Table 2 shows the results for adult and pediatric groups for Model 2, which aims to determine the optimal sensitivity at low (50 µg/g) and high (100 µg/g) FC cut-off values. Currently, despite the growing FC data in literature, there is no standardization on which level should be considered a “positive” FCS. Therefore, the goal of this model is to enhance diagnostic accuracy – minimizing false negatives – to maximize the proportion of screened patients who truly need endoscopic confirmation for IBD. Our results show that choosing the FCS strategy at the low cut-off value of 50 µg/g is slightly more expensive than the high cut-off of 100 µg/g, but the low cut-off strategy had a substantially higher degree of accuracy.

Adults (FC cut-off at 50 µg/g vs. 100 µg/g)

When considering FCS at the low FC cut-off value of 50 µg/g for adults, the FCS strategy accurately detected an additional 2.4 true positives per 100 screened patients for an additional cost of $41/screened patient.
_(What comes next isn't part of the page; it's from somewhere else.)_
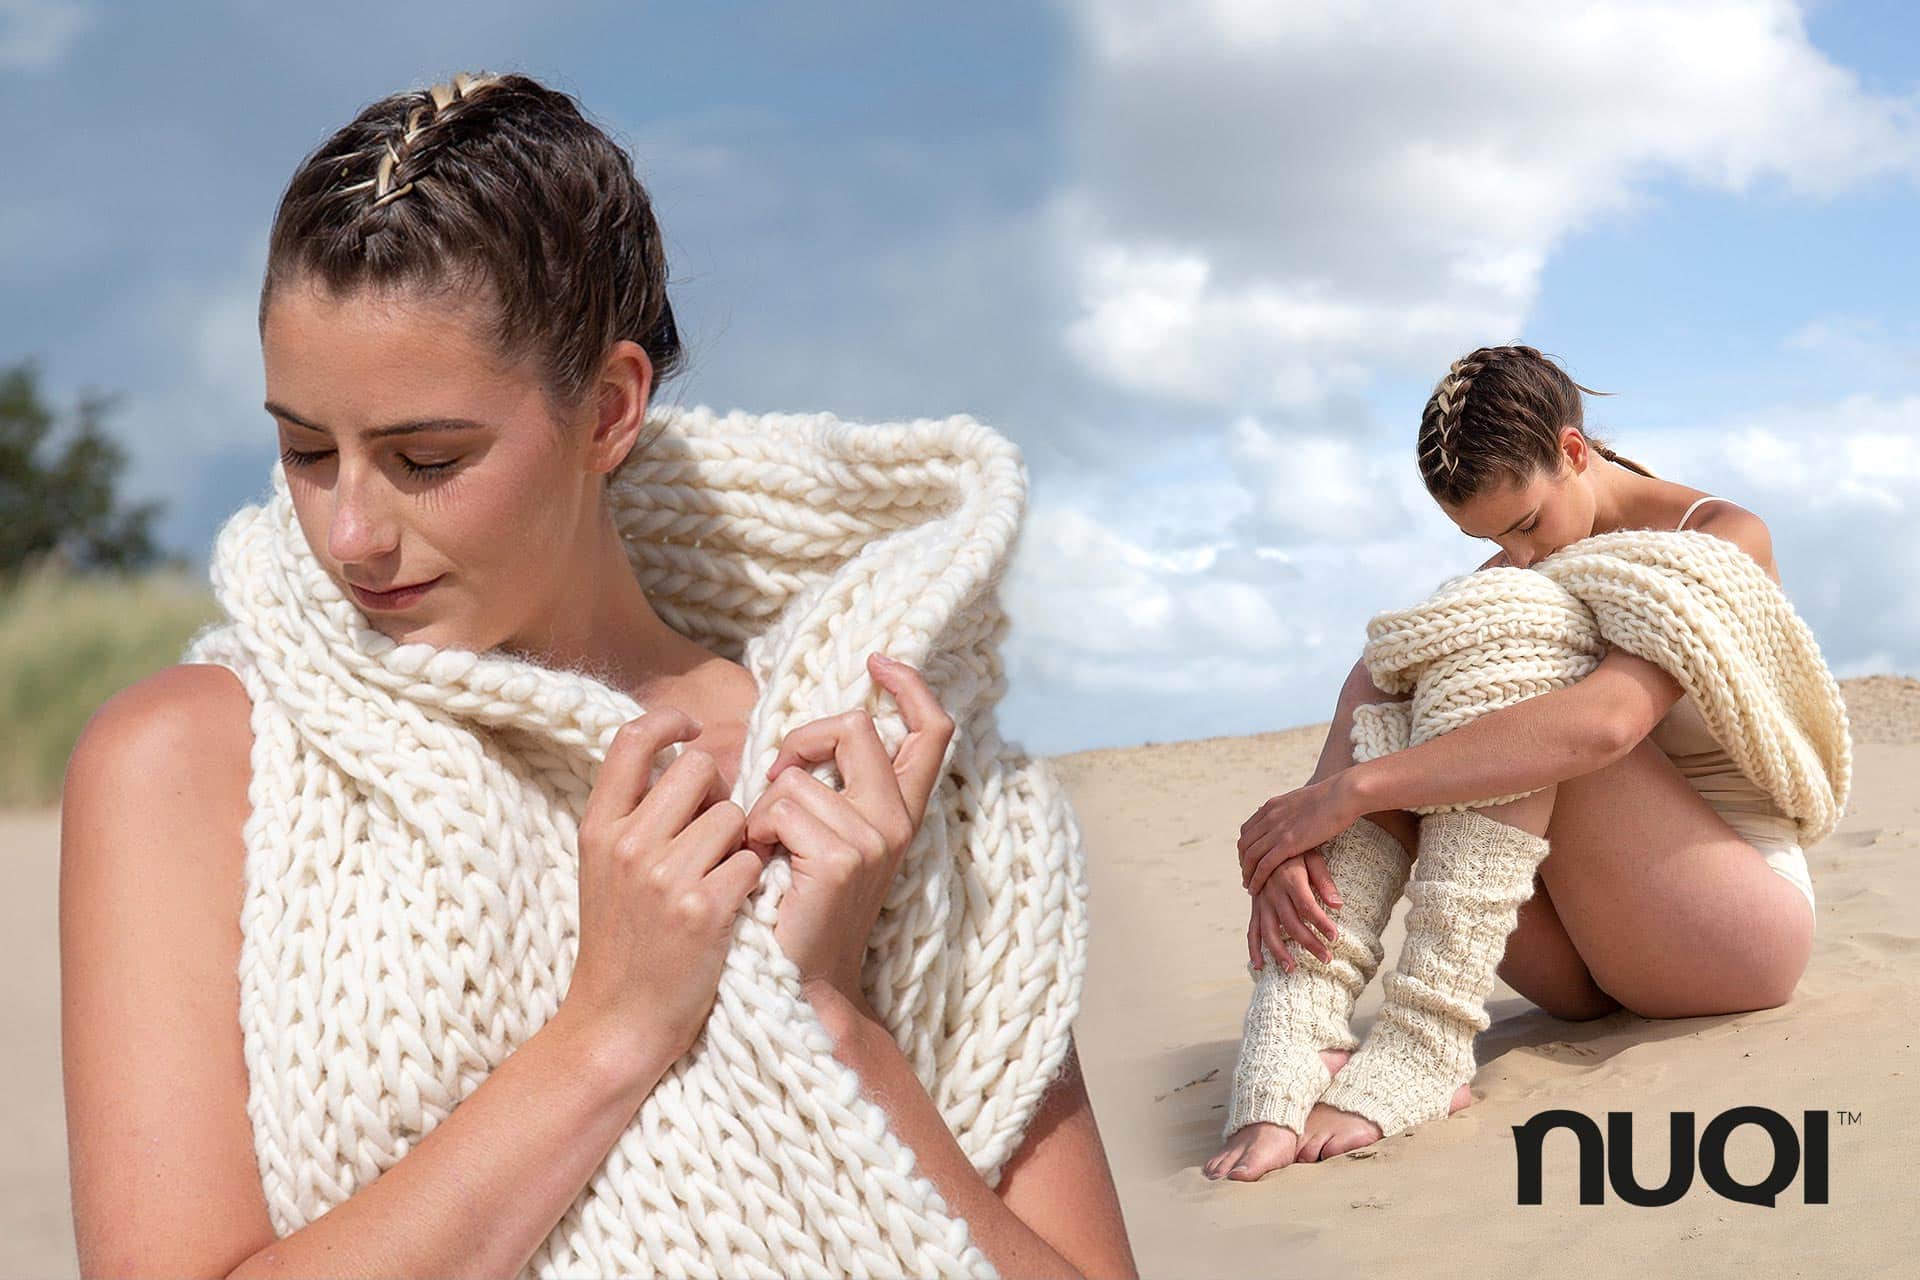 NUQI Pure Sustainable Fashion Sustainable fashionable clothing that is made with care for the planet, people and animals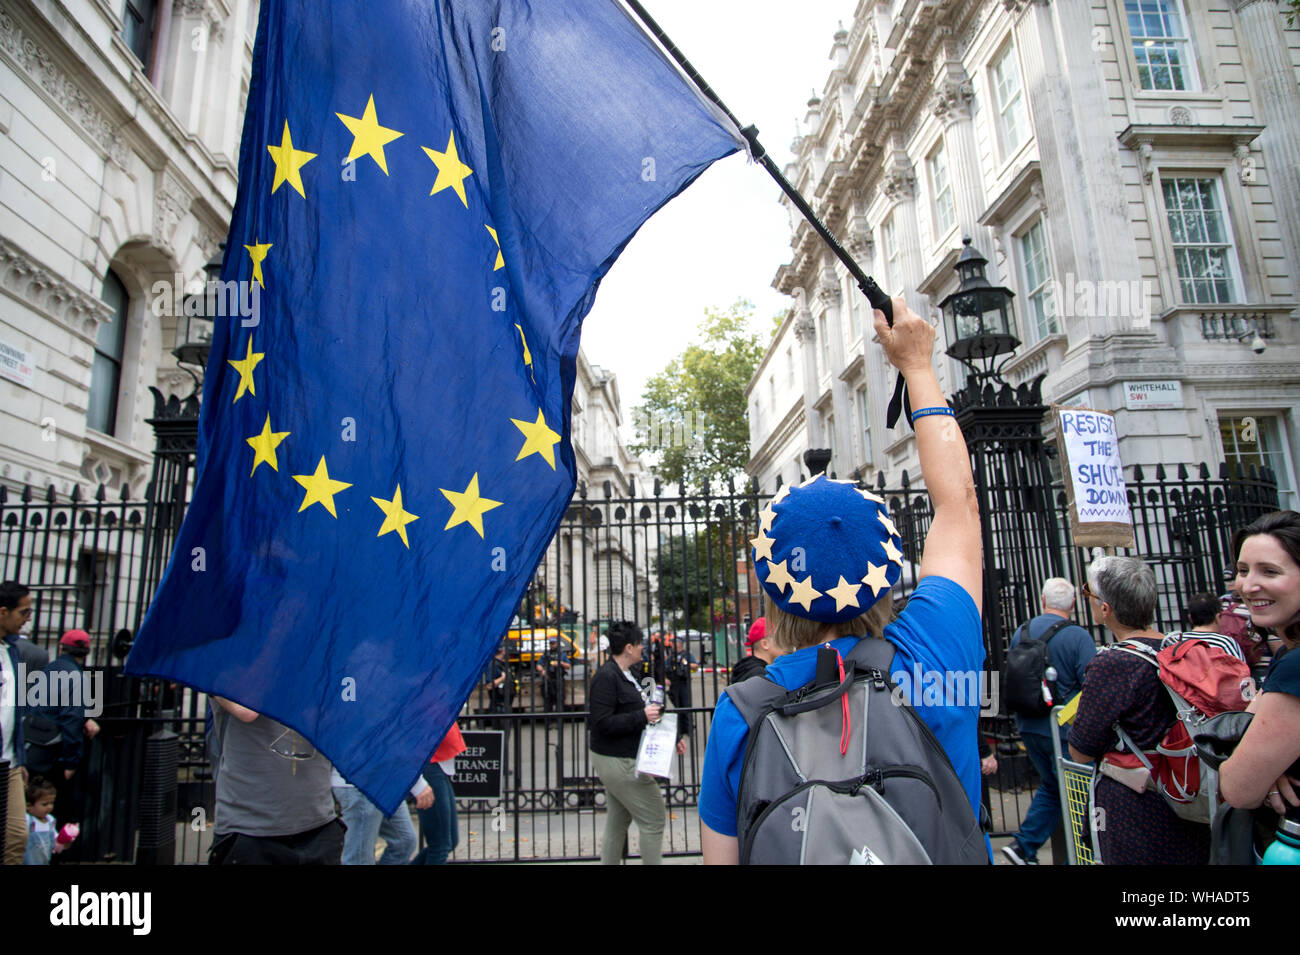 Parliament, Whitehall 2.9.2019. A Remain supporter protests outside Downing Street, waving a European flag Stock Photo

If the high FC cut-off value of 100 µg/g were the reference strategy, choosing the low cut-off FCS strategy incurs an additional $2,292 to avert one false negative FCS (i.e., to detect 1 additional true positive IBD) compared to the high FC cut-off strategy. If any FCS strategy is bypassed altogether, choosing to undergo the DEE strategy alone is equivalent to expending an additional $21,353 to detect one additional IBD diagnosis.

Pediatrics (FC cut-off at 50 µg/g vs. 100 µg/g)

Similarly, when considering the low FC cut-off value in children, the FCS strategy accurately detected an additional 6.1 true positives per 100 screened patients for an additional cost of $43/screened patient. If the high cut-off value of 100 µg/g were the reference strategy, choosing the low cut-off FCS strategy incurs an additional $705 to detect 1 additional true positive IBD patient.

Sensitivity analysis

Deterministic Sensitivity Analysis (Model 1)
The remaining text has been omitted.